*EXERCISE DETAILS*. Exactly retype the lines below from the one containing "Elite Rich Crocodile" through the end of the listing. Leave pictures out.

*INFORMATION PROVIDED*.
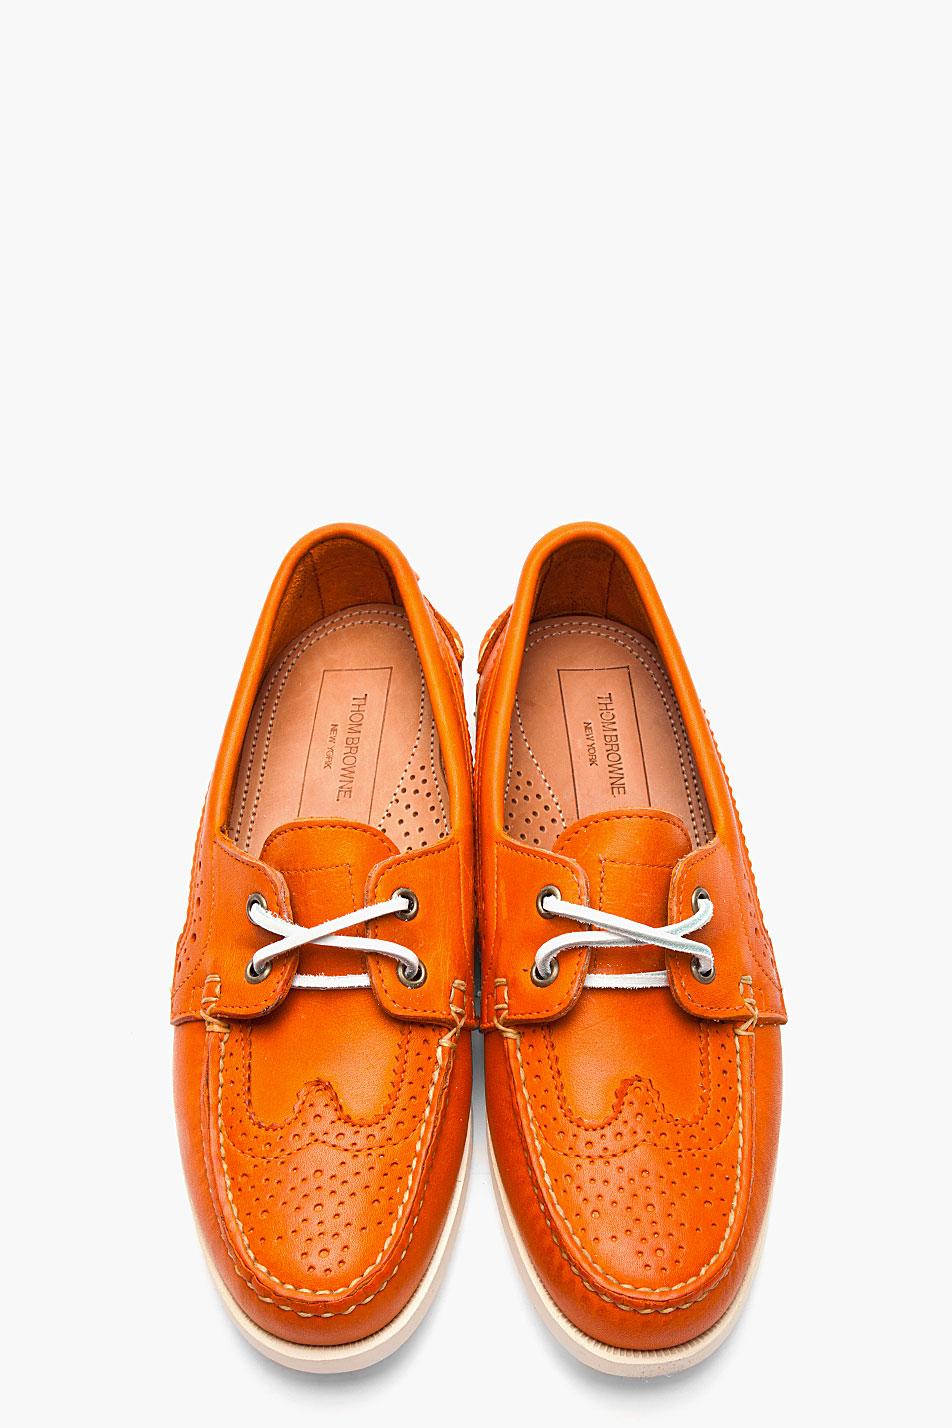 Perry Ellis White Orange Suede Shoes
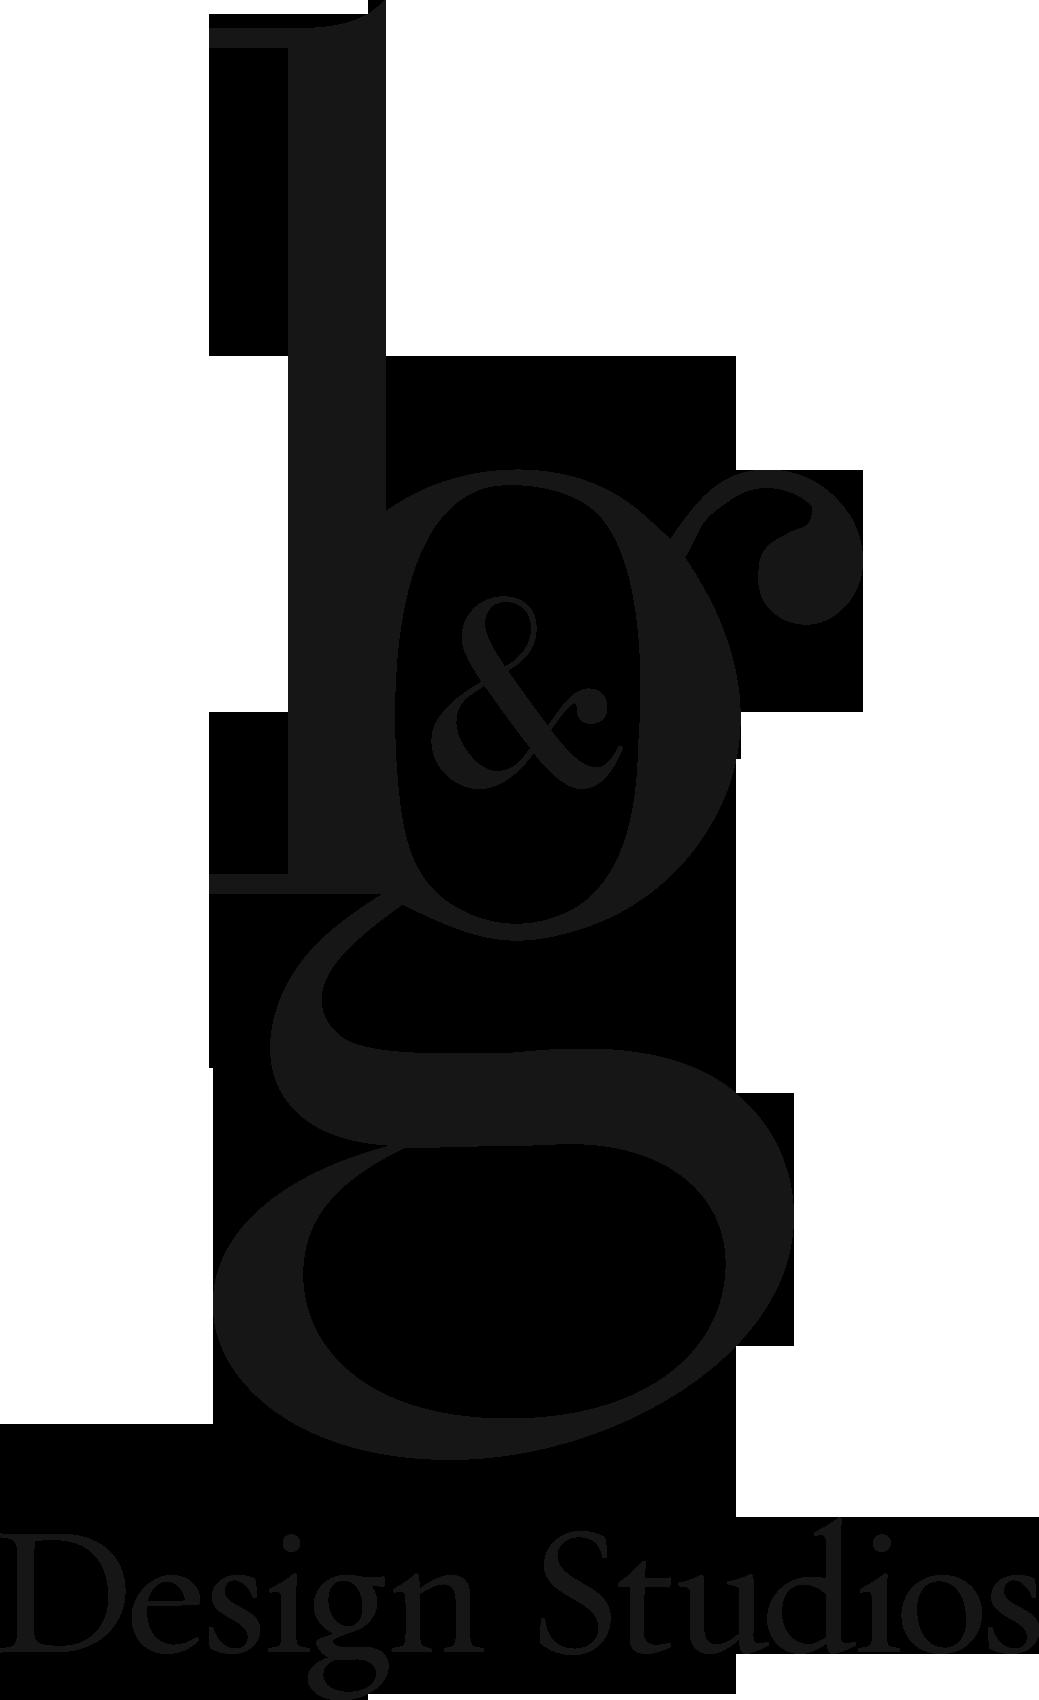 B&G Design Studios
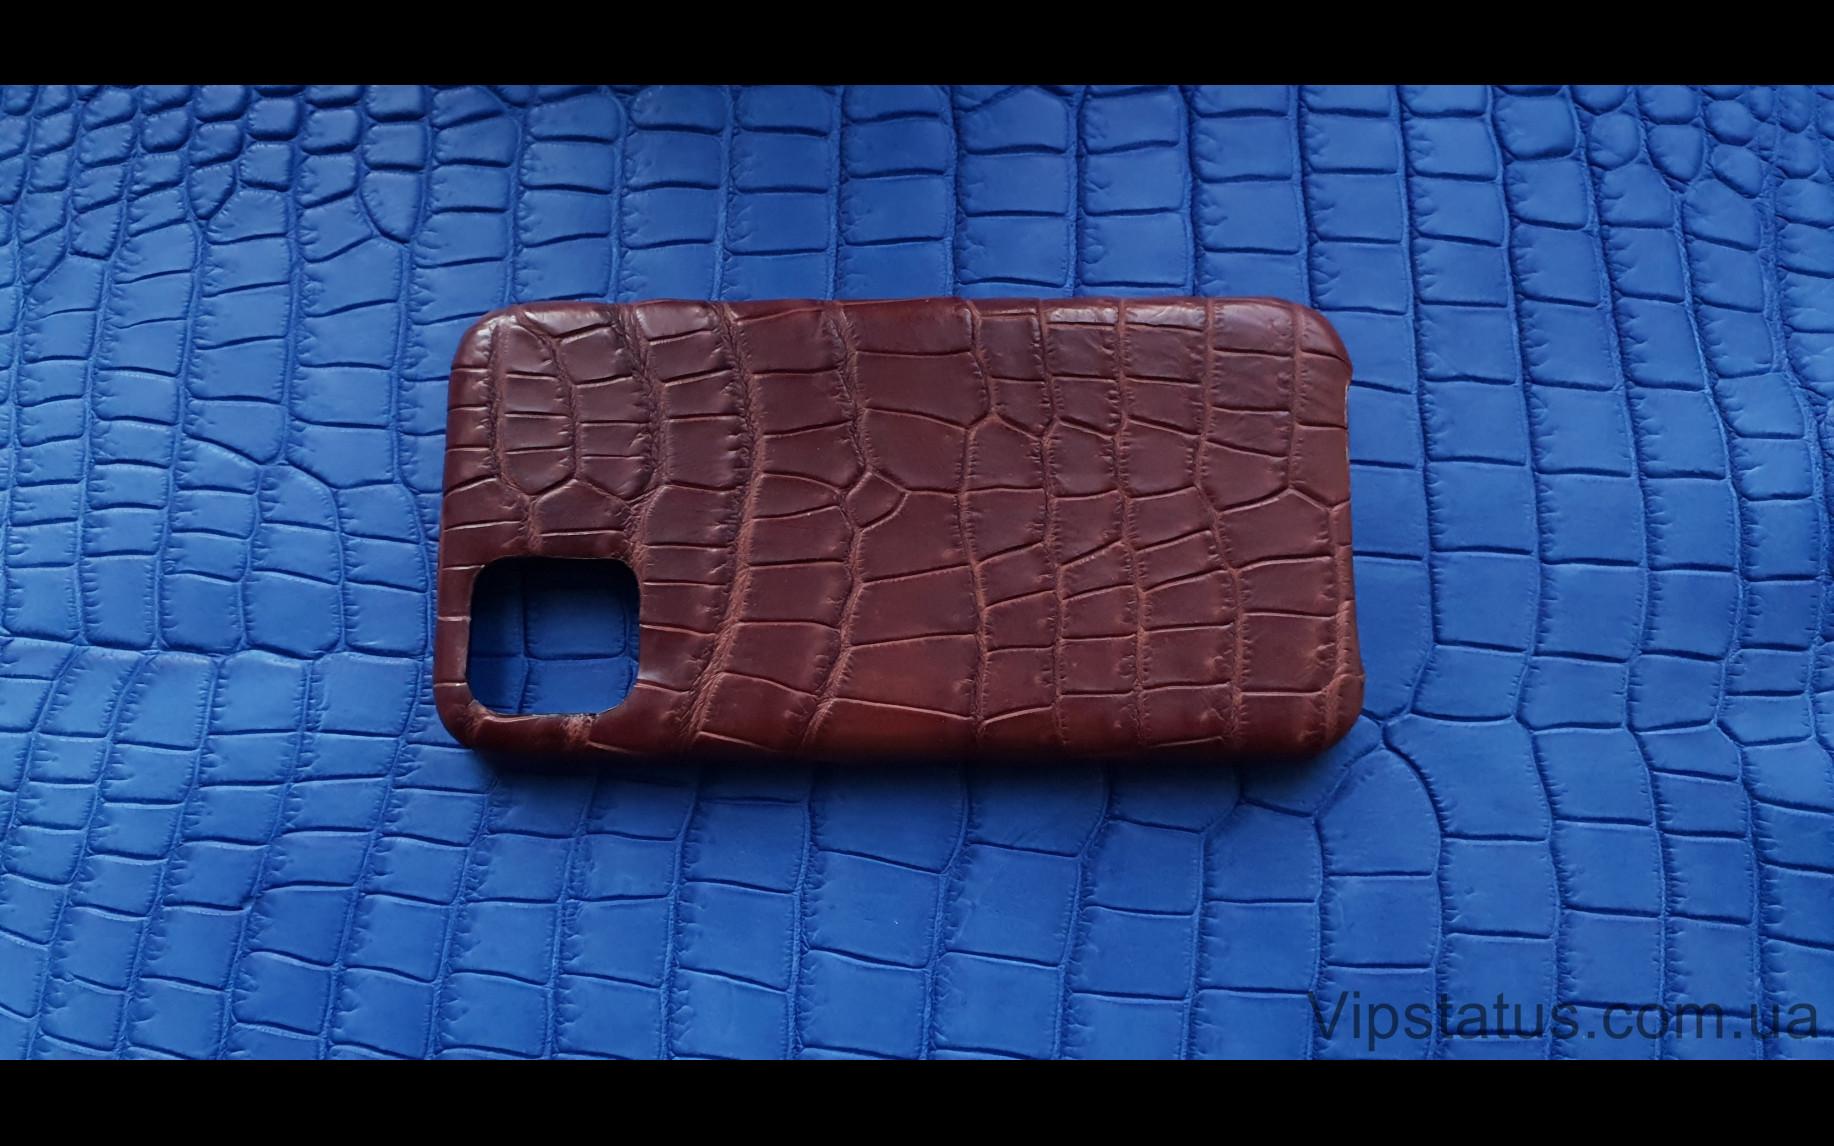 Elite Rich Crocodile Эксклюзивный чехол IPhone 11 Pro Max Rich Crocodile Exclusive case IPhone 11 Pro Max Crocodile leather image 4
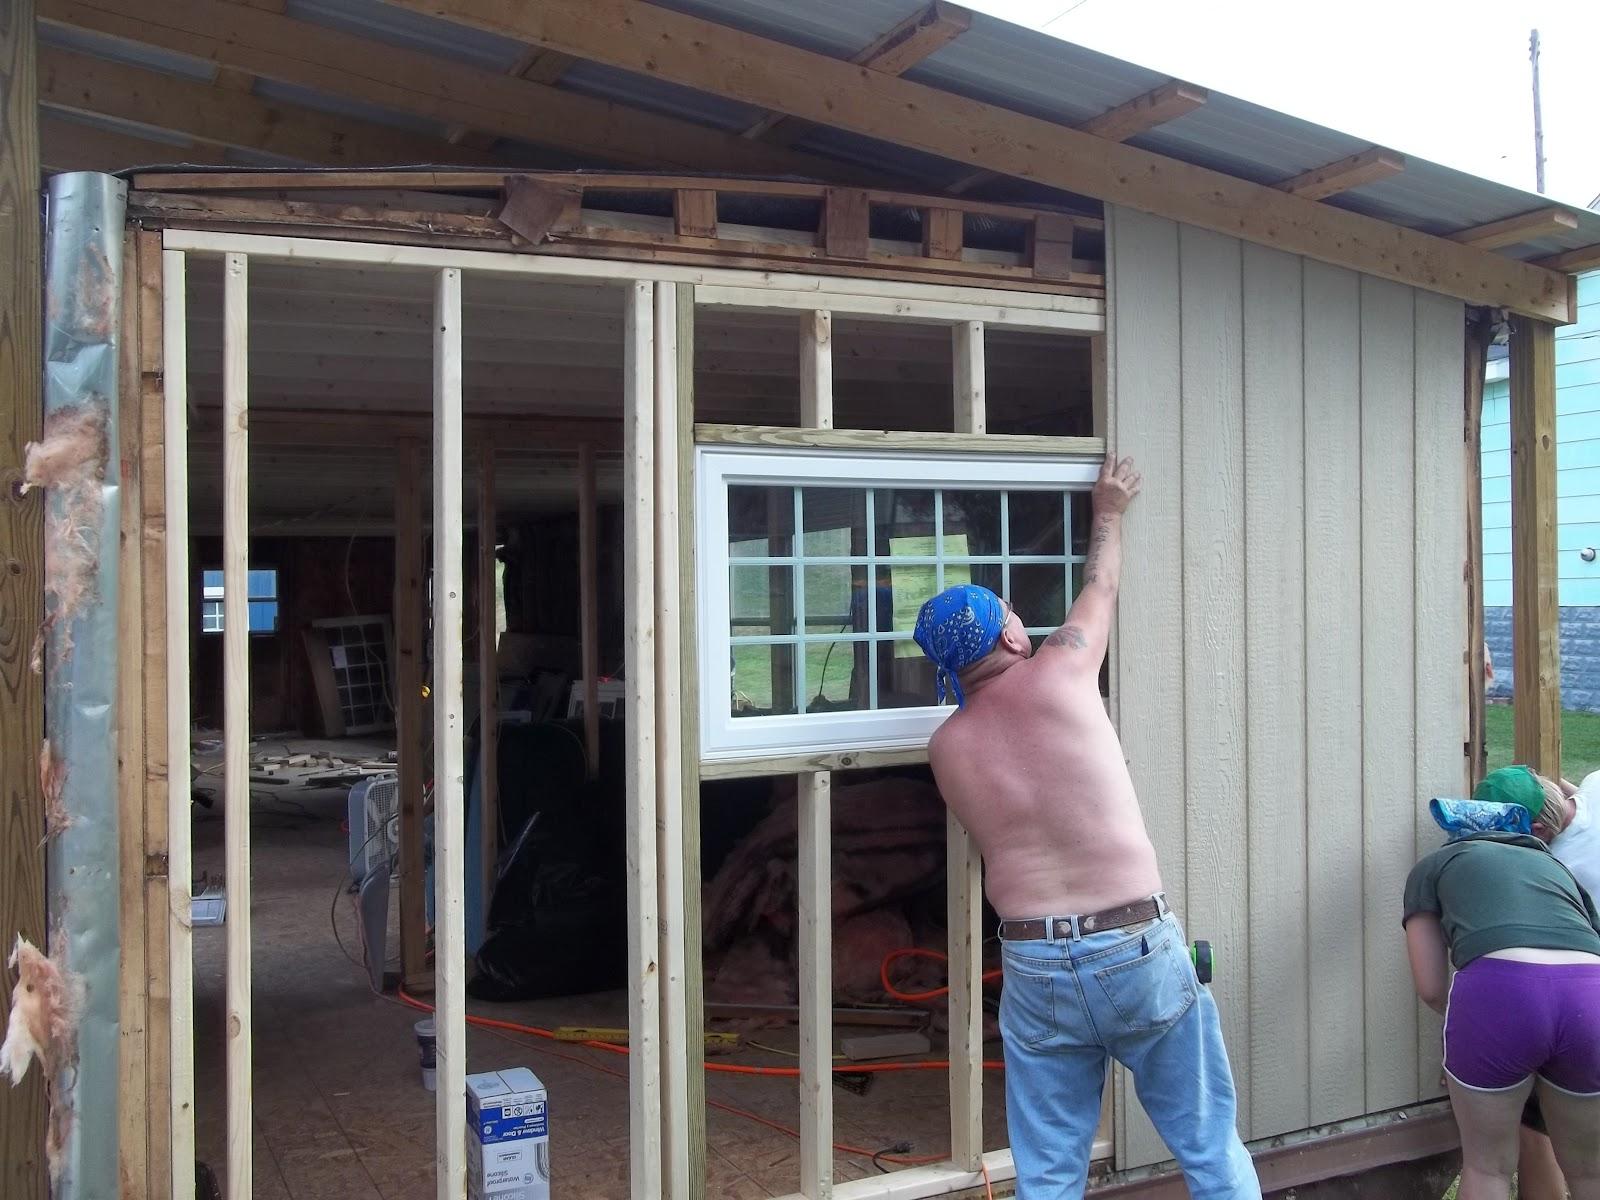 Melissa and brian 39 s great diy adventures new walls - Mobile home exterior door replacement ...

*WORKED SOLUTION*.
 Elite Rich Crocodile Эксклюзивный чехол IPhone 11 Pro Max Rich Crocodile Exclusive case IPhone 11 Pro Max Crocodile leather image 4
 Melissa and brian 39 s great diy adventures new walls - Mobile home exterior door replacement ...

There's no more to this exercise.